Ethics application status

Approved

Date submitted

19/10/2023

Date registered

22/03/2024

Date last updated

8/09/2024

Date data sharing statement initially provided

22/03/2024

Type of registration

Prospectively registered

Titles & IDs

Public title

VIBRANT: Targeting Variations in gastroIntestinal cancer Biology with MRI and radiotherapy using Artificial iNTelligence

Scientific title

VIBRANT: Targeting variations in gastrointestinal cancer cellularity, organisation, metabolism, and oxygenation with MRI and radiotherapy using artificial intelligence to enable individualised cancer treatment.

Secondary ID [1]

Nil

Universal Trial Number (UTN)

Trial acronym

VIBRANT

Linked study record

Health condition

Health condition(s) or problem(s) studied:

Colon cancer

Rectal cancer

Pancreatic cancer

Condition category

Condition code

Cancer

Bowel - Back passage (rectum) or large bowel (colon)

Cancer

Pancreatic

Intervention/exposure

Study type

Interventional

Description of intervention(s) / exposure

This project will focus on gastrointestinal cancers (pancreatic and colorectal) that often have poorer outcomes after standard treatment. This project will use ultra-high field MRI to characterise tumour heterogeneity at microscopic resolutions and correlate MRI findings with ‘ground-truth’ histopathology. Deep learning (artificial intelligence) will be used for the first time in cancer to characterise cancer heterogeneity with MRI, and translate these findings to clinical MRI to enhance the quality and resolution of clinical MRI images. MRI whole tumour ‘virtual biopsy’ will provide previously unobtainable information on tumour microenvironment and biologic behaviour (e.g. oxygenation, metabolism, cellularity and organisation). This will enable personalisation of patient treatment and allow MRI-Linacs and other therapies to target changes in cancer biology, leading to better cancer control and less side-effects.

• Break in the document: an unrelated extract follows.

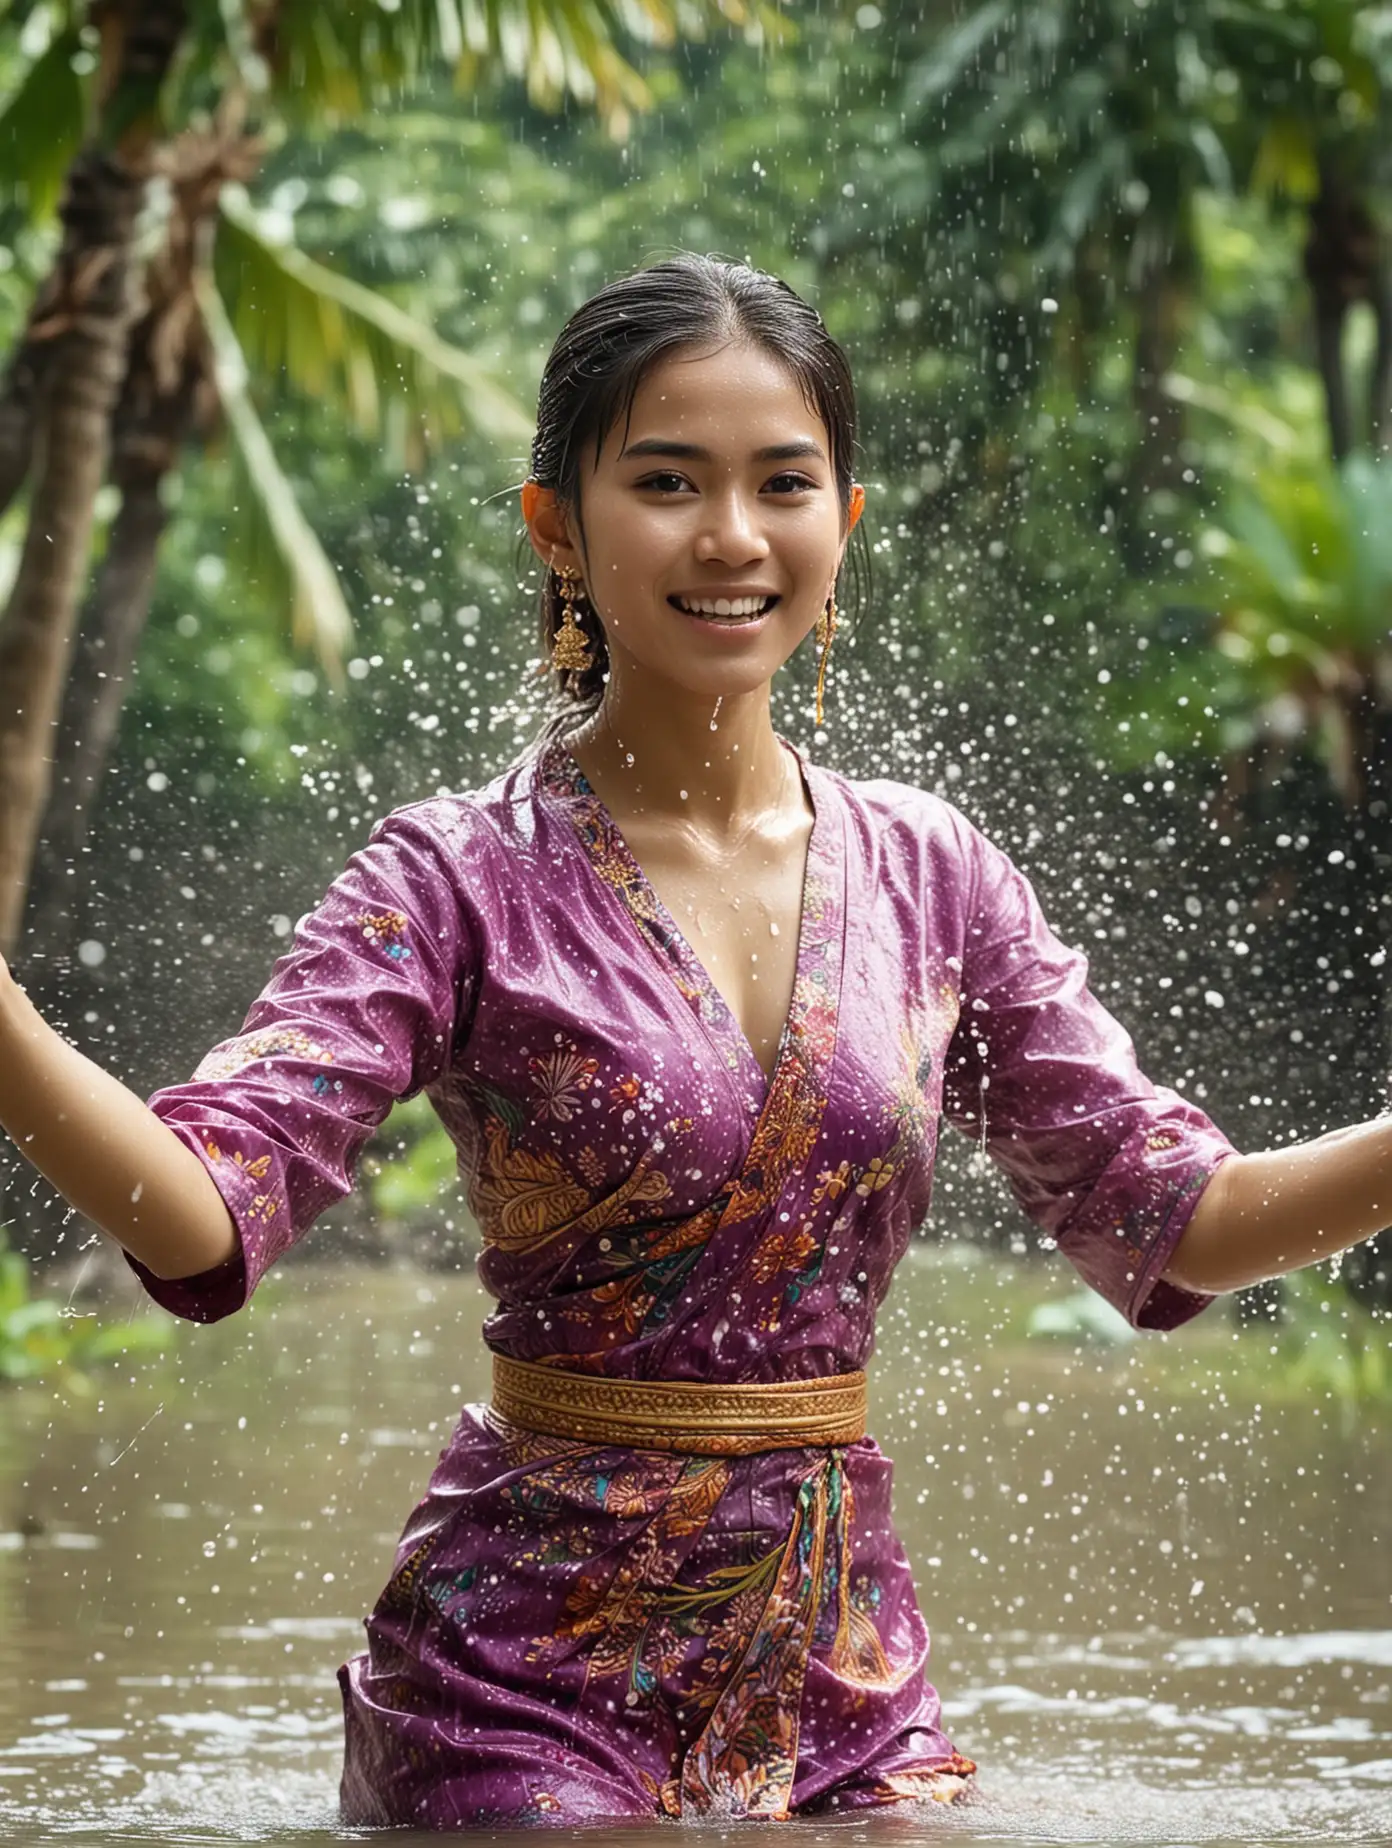 Thai Girl Celebrating Songkran Festival with Traditional Clothes and Water Splash

Deep learning models that will be explored include (i) deep learning super-resolution - a method of obtaining a higher resolution image from clinical MR image (ii) convolutional neural network (iii) generative adversarial network. Radiomics analysis (computer-aided high-throughput analysis of medical images that can extract hundreds to thousands of quantitative or textural imaging parameters) may also be used in the analysis of ex vivo and clinical MRIs. The ability of developed deep learning models to produce a ‘high-resolution’ clinical MRI (i.e. whole tumour MRI ‘virtual biopsy’) will be tested on patient clinical MRI images.

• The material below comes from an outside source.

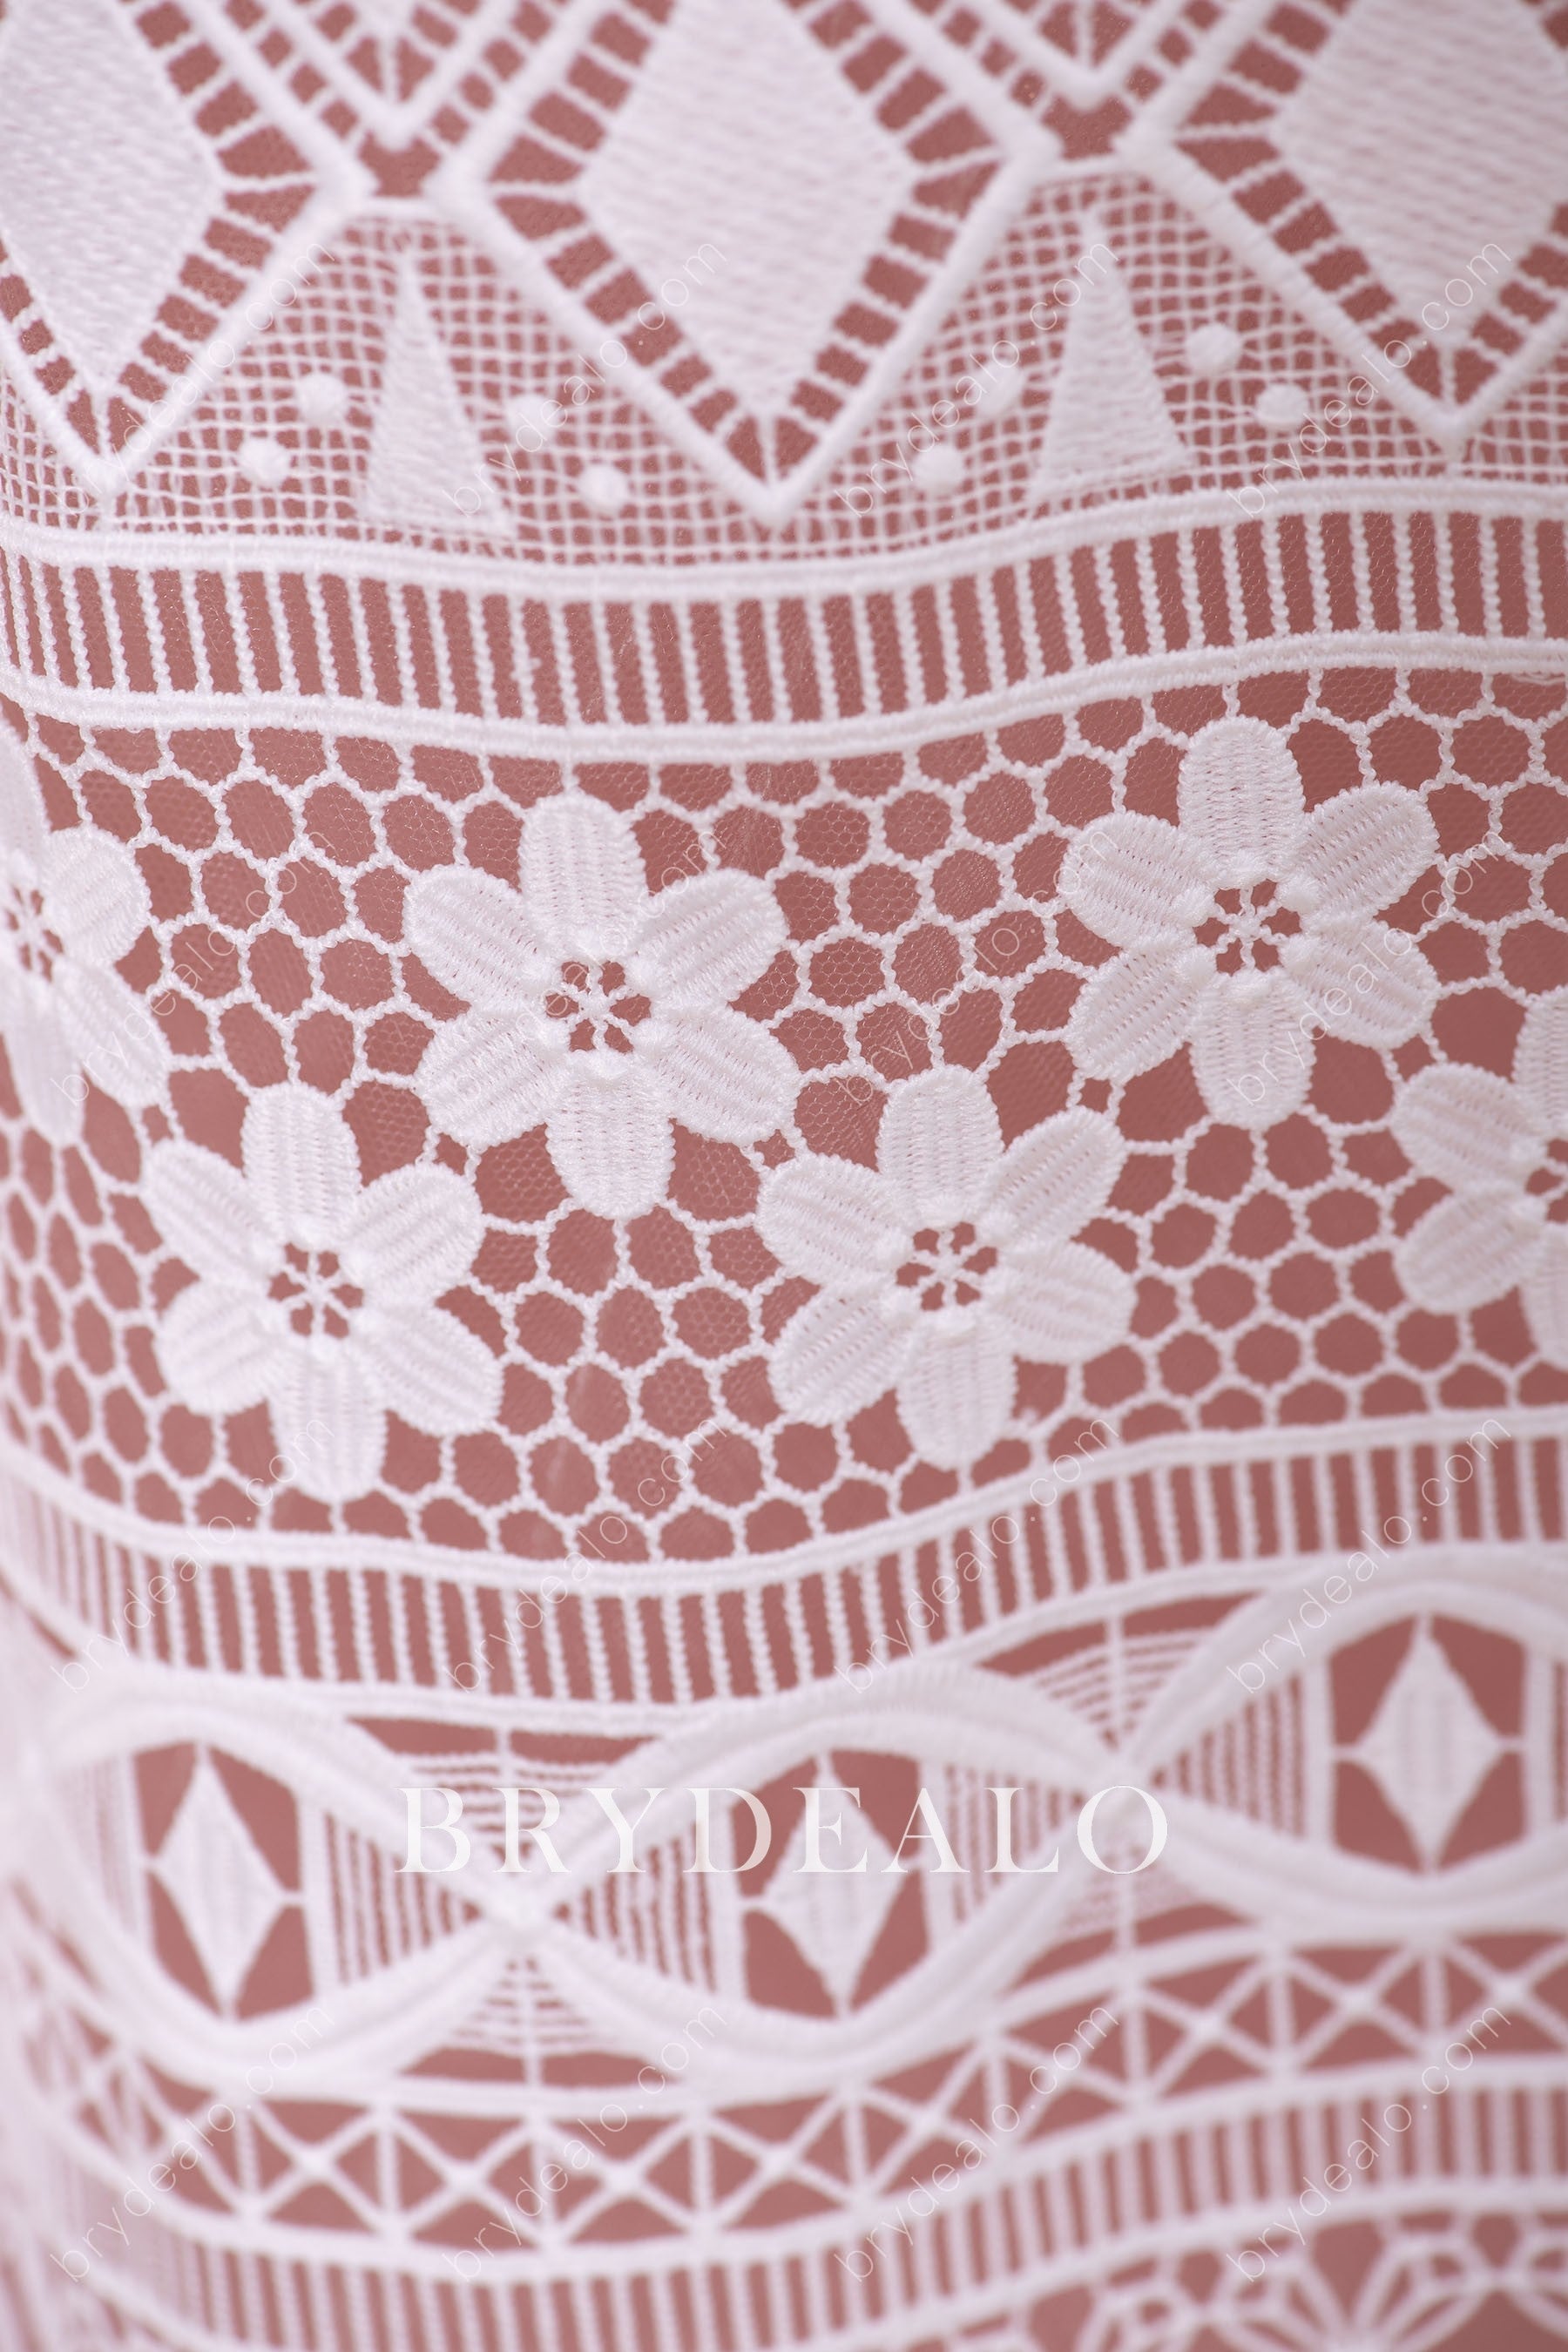 Double Border Full Patterned Crochet Lace Fabric

Patient involvement in this study includes an additional MRI performed anytime between diagnosis and surgery, and consent to tissue donation/access to their surgical specimen for MRI scanning. The MRI scan will be performed by suitably qualified allied health professionals, using a scan protocol specifically developed for the study to ensure adherence to the study intervention. The duration of the scan is approximately 30-45mins, and may include the administration of a contrast agent.

MRI acquisition:
Standard clinical multiparametric MRI examination including anatomical (T2-weighted) and Diffusion Weighted Imaging (DWI) will be acquired. Research functional sequences will also be acquired. Clinical imaging of gastrointestinal tumours is affected by respiratory and bowel motion, and the sequences will be optimised to either short acquisition times, or respiratory gating within the time period of a standard clinical examination. A range of in vivo DWI datasets with different b-values and directions will be acquired. Various models will be applied (e.g. non-gaussian) to gauge heterogeneity in tumour cellularity, vasculature and organisation. Dynamic Contrast Enhanced (DCE) MRI will also be acquired with an optimised temporal and spatial resolution and perfusional models constructed (e.g. Tofts). Other sequences will be acquired to assess tumour heterogeneity: these include advanced diffusion sequences e.g. Diffusion Tensor Imaging (DTI), Intravoxel Incoherent Motion, (IVIM) to assess cellularity, Chemical Exchange Saturation Transfer (CEST) to assess metabolism and Blood Oxygenation Level Dependent (BOLD) MRI and Mapping of Oxygen By Imaging Lipids relaxation Enhancement (MOBILE) will be acquired to assess tumour oxygenation. Works-in-progress sequences may be used. These clinical images will be compiled into an atlas for clinical validation in this project and future studies.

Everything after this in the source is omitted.